PUTRAJAYA: Malaysia made significant success in renegotiating the East Coast Rail Link (ECRL) project with China, where apart from bringing down the construction cost, the government has also managed to get partial refund from the advance payment made by the previous administration.
Prime Minister Tun Dr Mahathir Mohamad said China Communications Construction Company Ltd (CCCC) had agreed to refund part of the RM3.1bil advance payment paid for Phase 2, double tracking and the northern extension under the original contract.
The CCCC will refund RM500mil within a week from April 12, the date it signed a supplementary agreement with Malaysia Rail Link Sdn Bhd to pave the way for the resumption of the project.
“A further RM500mil (will be refunded) within a month from April 12, for a total of RM1bil.
“The balance will be settled within three months after deductions for verified claims due to abortive works, suspension and cancellation of the northern extension,” he told the media at a special press conference yesterday.
The Prime Minister, however, did not indicate the total amount to be refunded to the government.
The renegotiation also resulted in the cost of the project now to be at RM44bil, a significant reduction from the original cost of RM66bil.
Dr Mahathir explained that with the project now costing at RM44bil, the loan amount from China-EXIM Bank would be substantially reduced.
While the amount was still being negotiated, the government expect this to lessen its financial burden in terms of principal repayment amount, total interest costs and other fees, he added.
Under the original ECRL agreement, the total project cost was RM66.7bil and the loan amount from China-EXIM Bank at 85% would have amounted to RM56.7bil.
“Under the previous government, the current amount signed for with China-EXIM Bank is RM39.1bil for Phase 1 alone. The balance of the RM17.6bil for Phase 2 and the northern extension, luckily, were yet to be signed,” he said of the previous deal.
The government has also managed to increase local participation in the project where the percentage has now been increased to 40% of civil works from the 30% in the original deal in an effort to boost the local infrastructure sector, said Dr Mahathir.
Operation and maintenance of the ECRL will be through a joint venture company to be set up by CCCC and MRL with equal share.
This arrangement will ease the financial burden on Malaysia, which previously was to bear the entire cost of the operation and maintenance, said the Prime Minister, adding that this would improve the long-term viability of the project while leveraging on CCCC’s expertise in the two areas.
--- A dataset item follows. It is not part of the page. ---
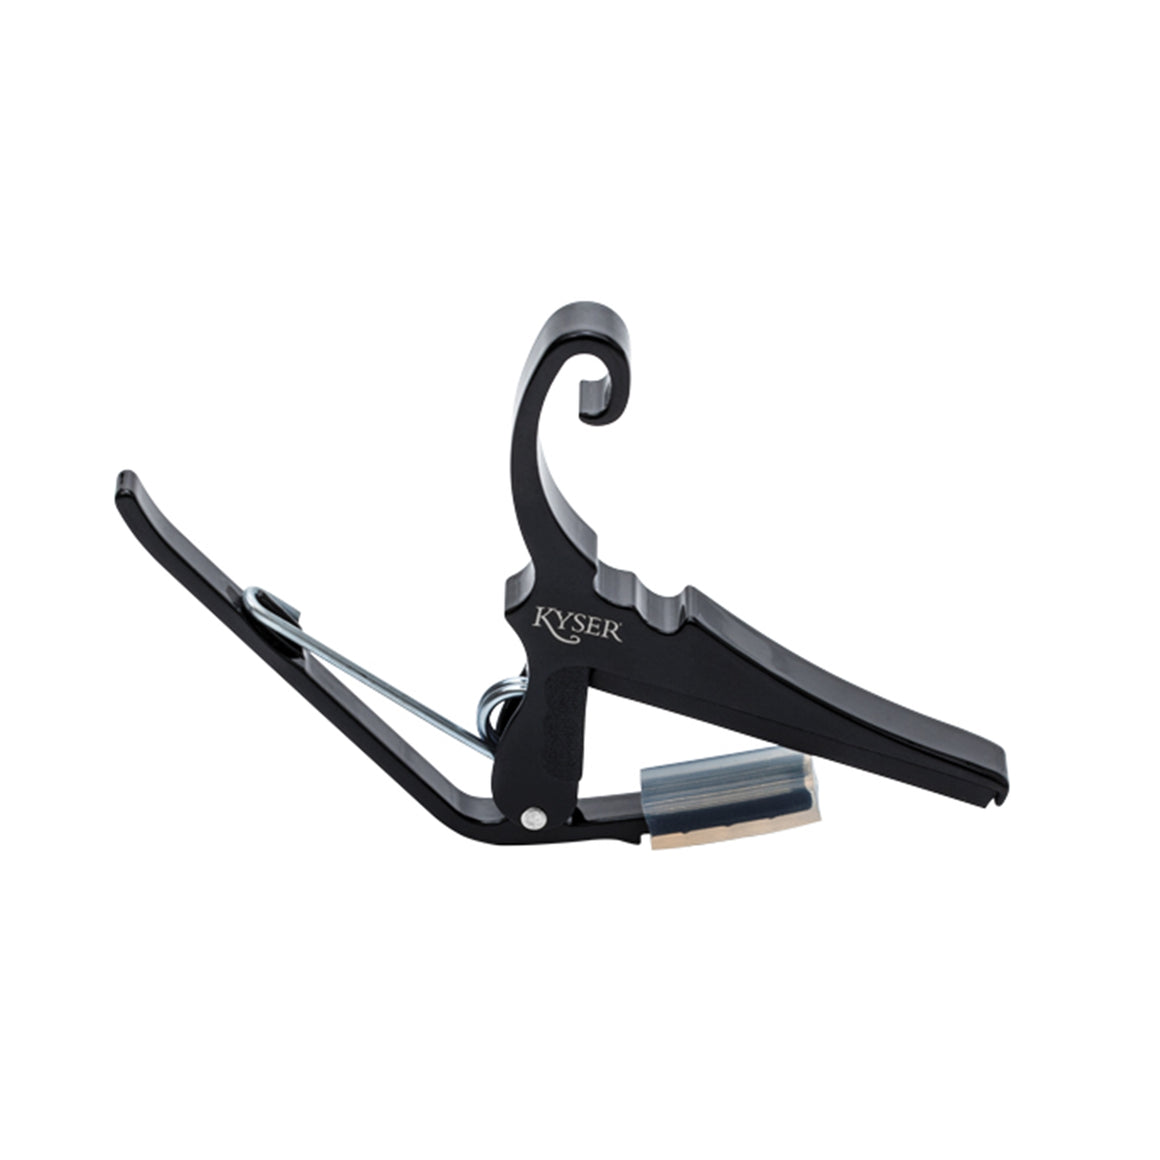 KYSER KGC Quick-Change Capo for Classical Guitar

“We are confident that CCCC’s involvement will attract and spur investment along the rail link corridor, especially from China,” he said.
Pointing out that the Pakatan Harapan government is not against the ECRL project, the Prime Minister said its objection was always about the high cost of the original agreement signed by the Barisan Nasional administration.
“The government’s main objection to the original ECRL project was premised on the way and speed at which the original contract was negotiated and signed in 2016. It was an unjustified, hefty lump sum price which lacked clarity in terms of technical specifications, price and, by extension, economic justification,” he said.
Dr Mahathir said the government was faced with the choice to either renegotiate or pay termination costs of about RM21.78bil, with nothing to show for it.
“As such, we chose to go back to the negotiation table and call for a more equitable deal, whereby the needs of the Malaysian people would be prioritised,” he said.